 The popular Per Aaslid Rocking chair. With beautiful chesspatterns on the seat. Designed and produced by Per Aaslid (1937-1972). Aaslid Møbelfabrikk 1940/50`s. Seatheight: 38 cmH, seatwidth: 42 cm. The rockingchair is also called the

|---|

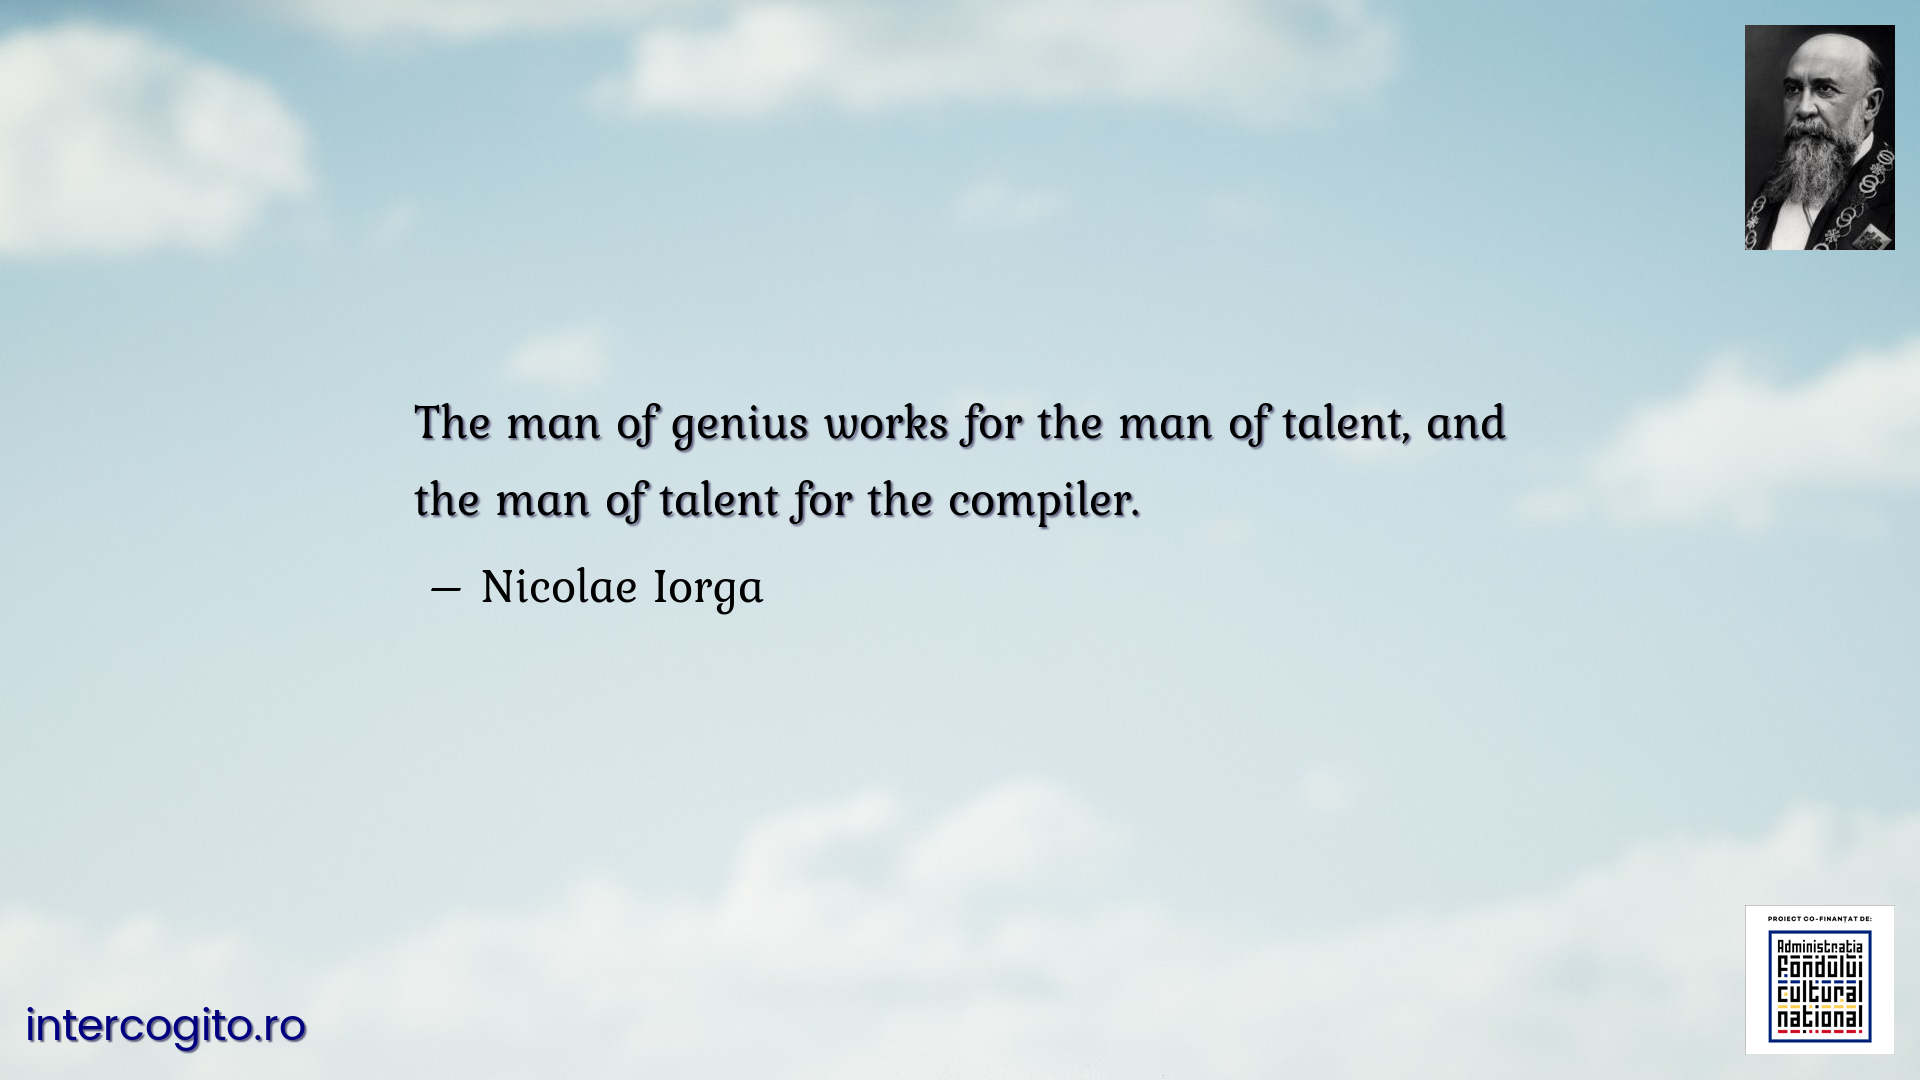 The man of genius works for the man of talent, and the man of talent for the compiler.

|---|

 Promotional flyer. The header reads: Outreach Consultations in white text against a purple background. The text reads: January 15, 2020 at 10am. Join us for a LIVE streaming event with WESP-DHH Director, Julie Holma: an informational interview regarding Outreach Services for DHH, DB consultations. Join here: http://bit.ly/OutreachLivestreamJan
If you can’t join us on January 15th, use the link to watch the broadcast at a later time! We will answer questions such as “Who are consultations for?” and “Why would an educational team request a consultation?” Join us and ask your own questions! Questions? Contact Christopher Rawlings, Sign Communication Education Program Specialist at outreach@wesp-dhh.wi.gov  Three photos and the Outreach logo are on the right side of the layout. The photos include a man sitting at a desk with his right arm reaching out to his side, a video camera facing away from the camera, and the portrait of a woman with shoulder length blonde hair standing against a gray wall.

|---|

Every line from the line containing "Promotional flyer. The" through the line containing "If you can’t" in the records above must be retyped exactly. Leave out the rest.

# Task answer
 Promotional flyer. The header reads: Outreach Consultations in white text against a purple background. The text reads: January 15, 2020 at 10am. Join us for a LIVE streaming event with WESP-DHH Director, Julie Holma: an informational interview regarding Outreach Services for DHH, DB consultations. Join here: http://bit.ly/OutreachLivestreamJan
If you can’t join us on January 15th, use the link to watch the broadcast at a later time! We will answer questions such as “Who are consultations for?” and “Why would an educational team request a consultation?” Join us and ask your own questions! Questions? Contact Christopher Rawlings, Sign Communication Education Program Specialist at outreach@wesp-dhh.wi.gov  Three photos and the Outreach logo are on the right side of the layout. The photos include a man sitting at a desk with his right arm reaching out to his side, a video camera facing away from the camera, and the portrait of a woman with shoulder length blonde hair standing against a gray wall.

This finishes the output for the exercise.